In a Monday interview with The Cable, Taylor said his office will begin by leading State Department coordination on policy toward Egypt, Tunisia, and Libya, the three Middle East countries that are trying to make the shift from dictatorship to democracy.

"The idea is we want to focus energy and policy attention on how we support these three transition countries," he said. "The idea is to be sure this gets top-level attention in the department."

Taylor's office will have about 10 to 12 people, and he said he hopes to soon add a resident senior advisor from both USAID and the Pentagon. The office is meant to be permanent, and would expand its operations to cover countries like Syria and Yemen -- if and when those countries attempt a democratic transition.

Taylor's first job will be to lead an effort to develop support strategies for Egypt, Libya, and Tunisia. Then, his office will go about trying to implement those strategies by working within State, around the interagency process, and then with international financial institutions, non-governmental organizations, and stakeholders on the ground. Taylor said he will attend National Security Council meetings on issues related to his brief.

In President Barack Obama's May 19 speech on the Middle East, he promised to work on establishing enterprise funds for Egypt and Tunisia, which are accounts meant to support start up programs and activities abroad, and said that U.S. support for democracy will "be based on ensuring financial stability; promoting reform; and integrating competitive markets with each other and the global economy -- starting with Tunisia and Egypt."

Taylor said that the administration was still eager to pursue enterprise funds for these countries, but that legislation would be needed to get it done.

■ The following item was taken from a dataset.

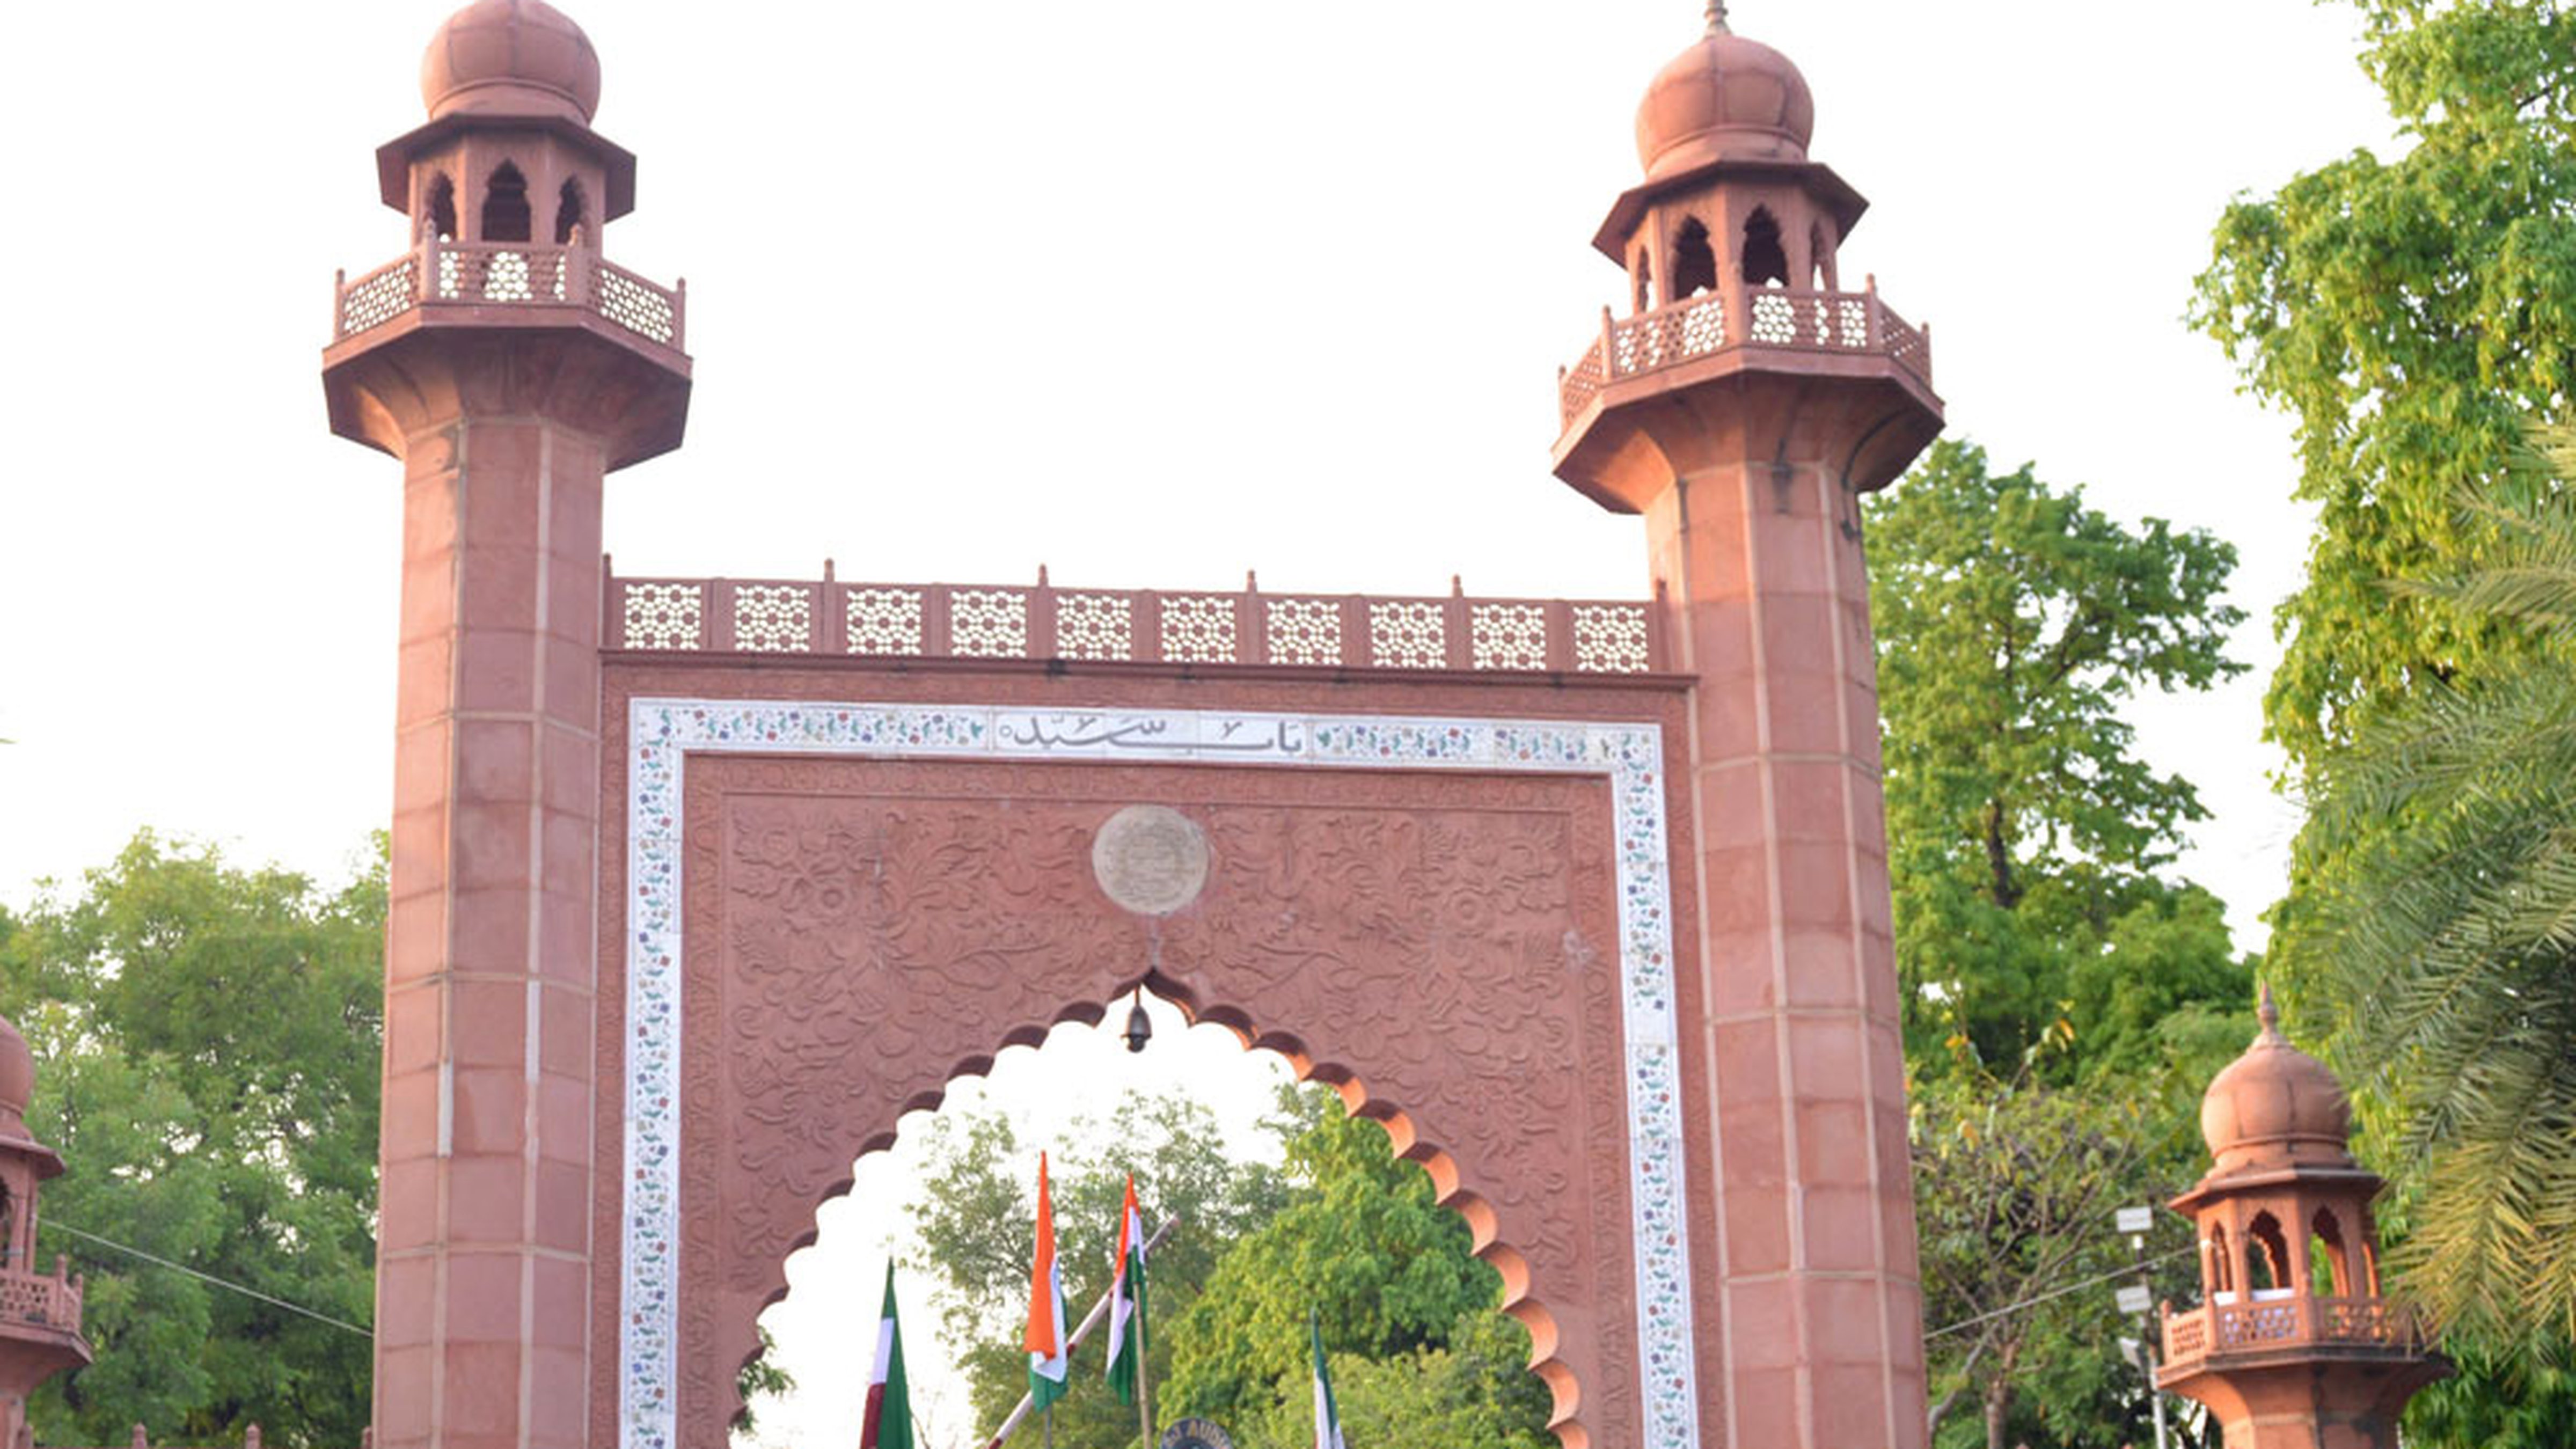 The Supreme Court on Tuesday referred to a seven-judge bench the question whether Aligarh Muslim University could be accorded the status of a “minority” institute.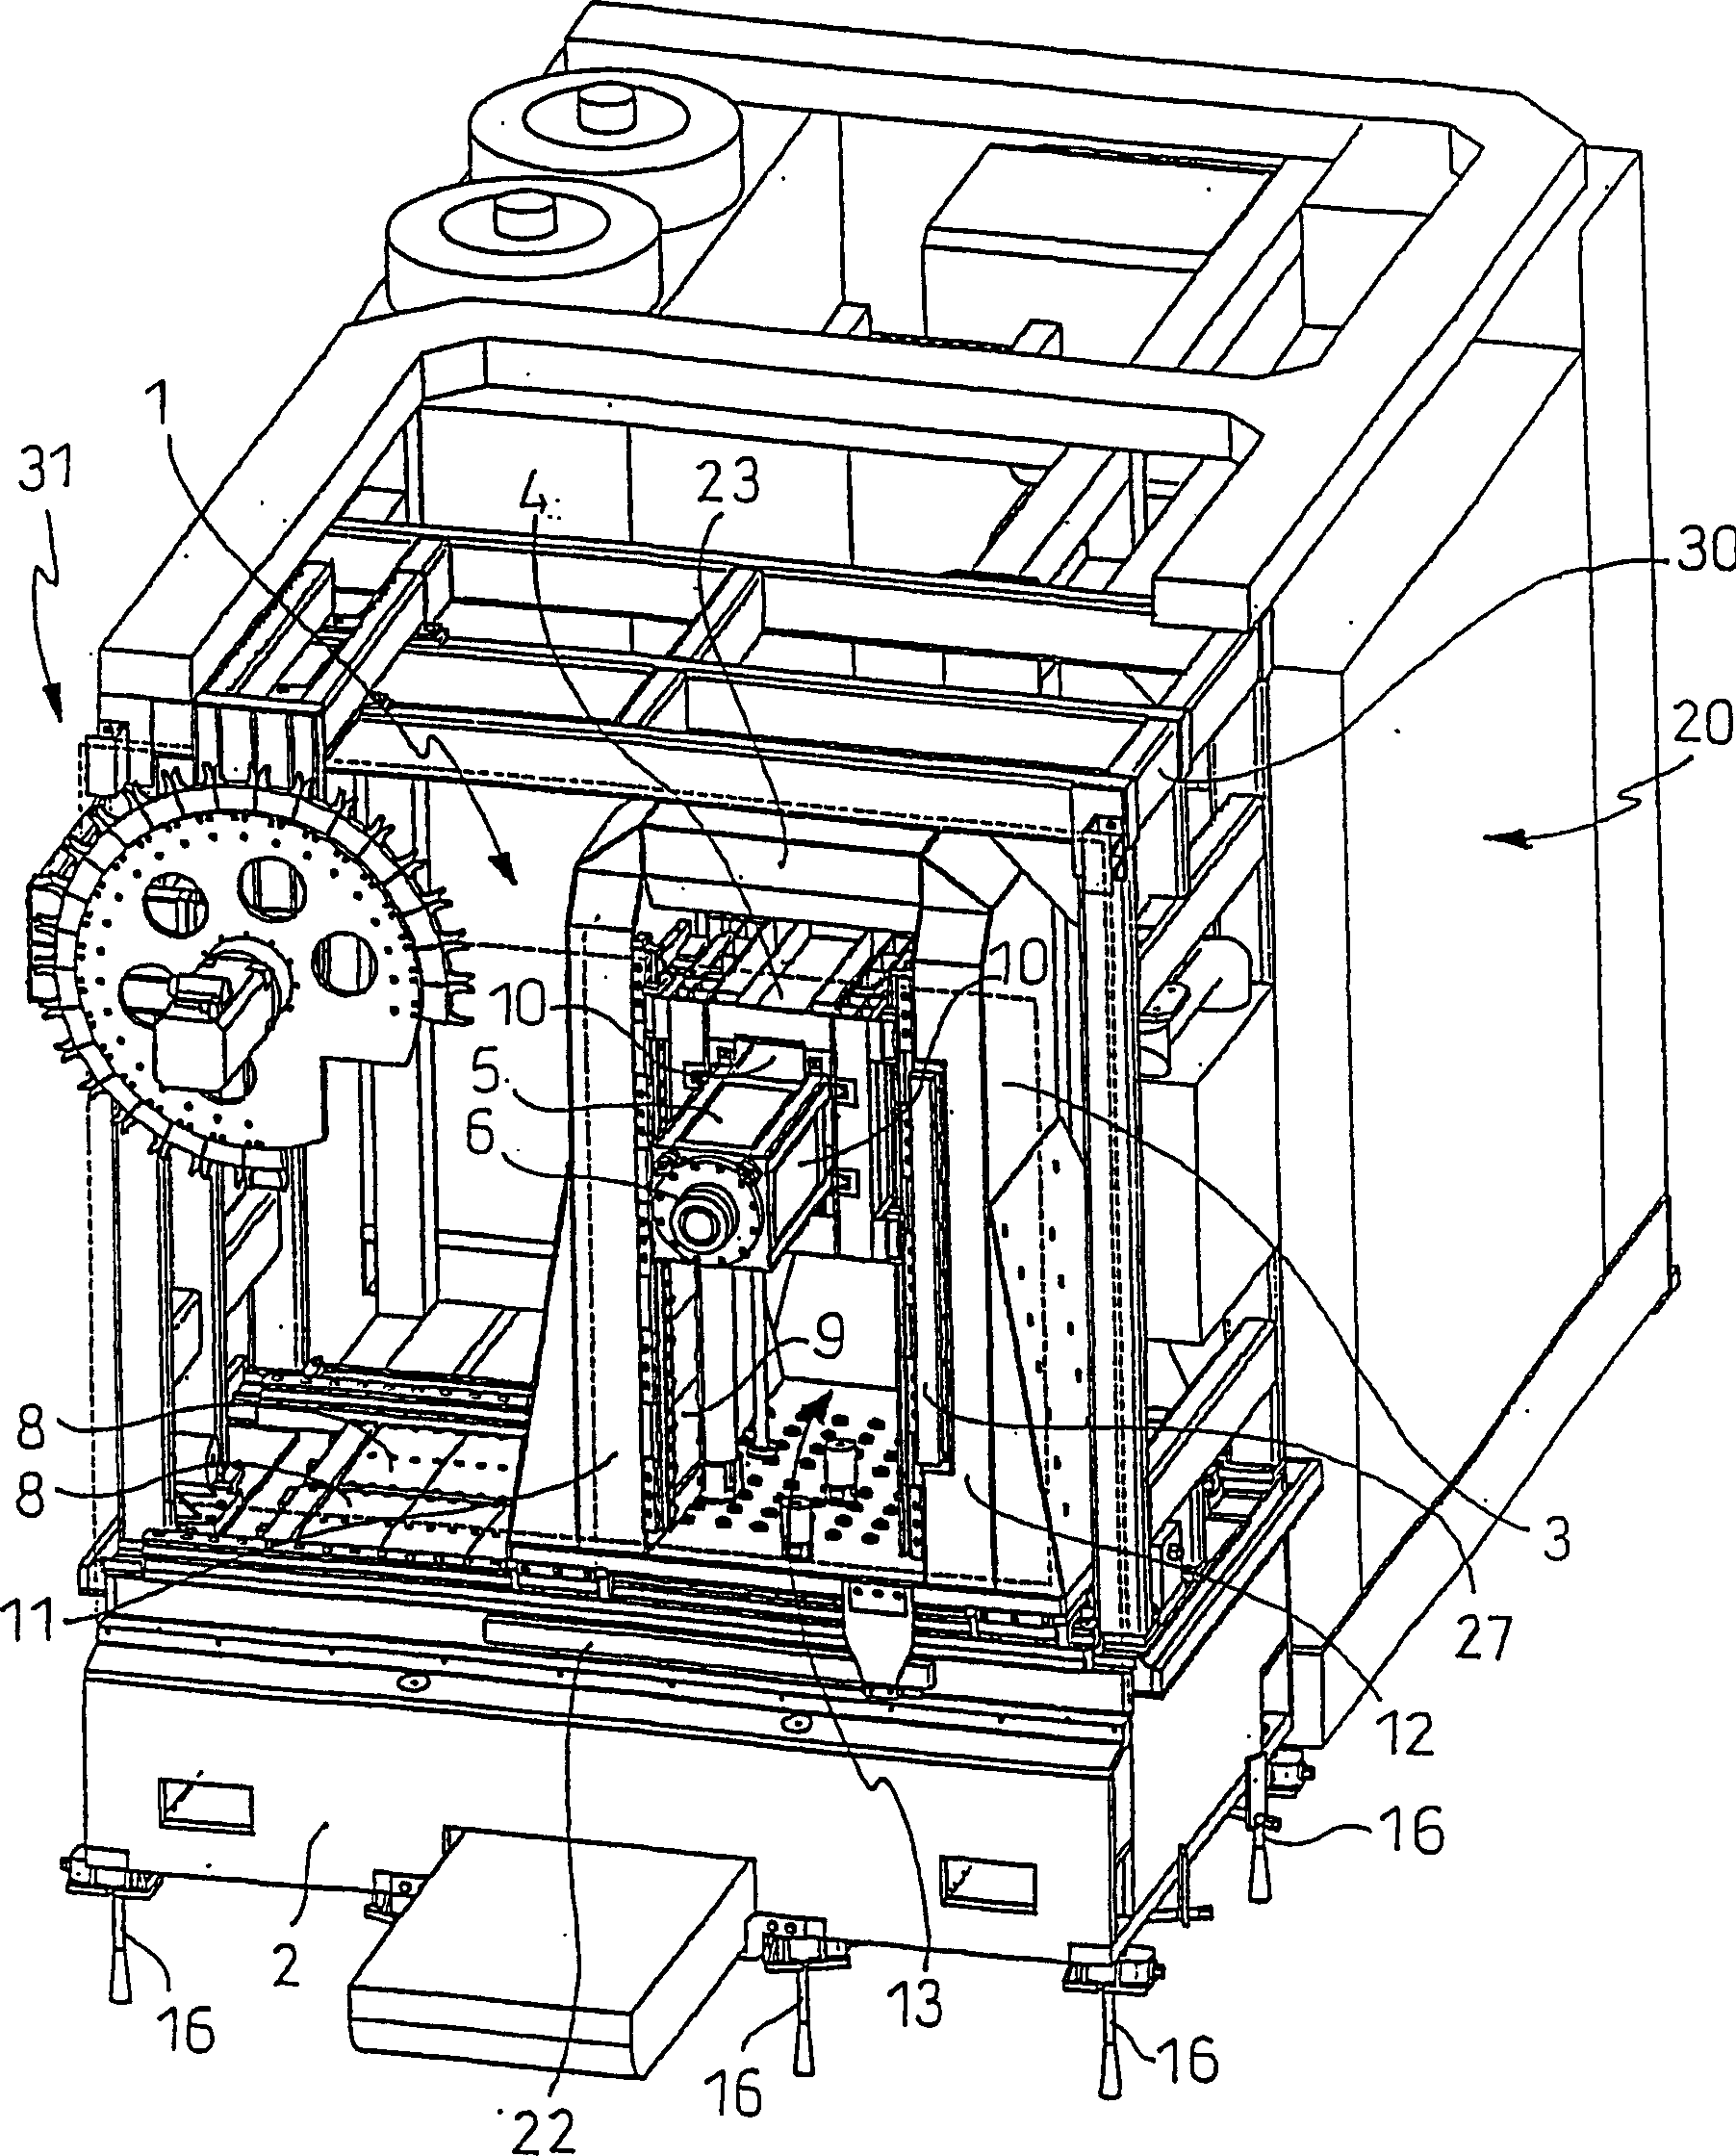 Multi-axial electric machinery process equipment

"We're looking at the possibly of enterprise funds model as a possible model for these transition countries but we're going to need a lot of support from Congress," he said, adding that State would also ask Congress for authorizations and appropriations to support the new transitions initiative at State. New funding for diplomatic initiatives is a tough sell in this tight fiscal environment, but transition funding does have some support in both parties.

Taylor was chosen for the job in part because he played a key role in a similar diplomatic effort following the collapse of the Soviet Union. In 1991, the State Department put together the Freedom Support Act Office, which managed relations with former members of the Soviet bloc.

That office was run by Ambassador Richard Armitage and reported up to Deputy Secretary of State Lawrence Eagleburger. Taylor worked for Armitage in that office and eventually became its director, a position he held until 2001. The Freedom Support Act Office was combined with the Support for East European Democracy (SEED) office and still exists today.

Taylor was U.S. ambassador to the Ukraine from 2006 to 2009, and before that served as Washington's envoy to the Mideast Quartet. In 2004 and 2005, he directed the Iraq Reconstruction Management Office in Baghdad, and from 2002 to 2003 he served in Kabul as coordinator of U.S. government and international assistance to Afghanistan.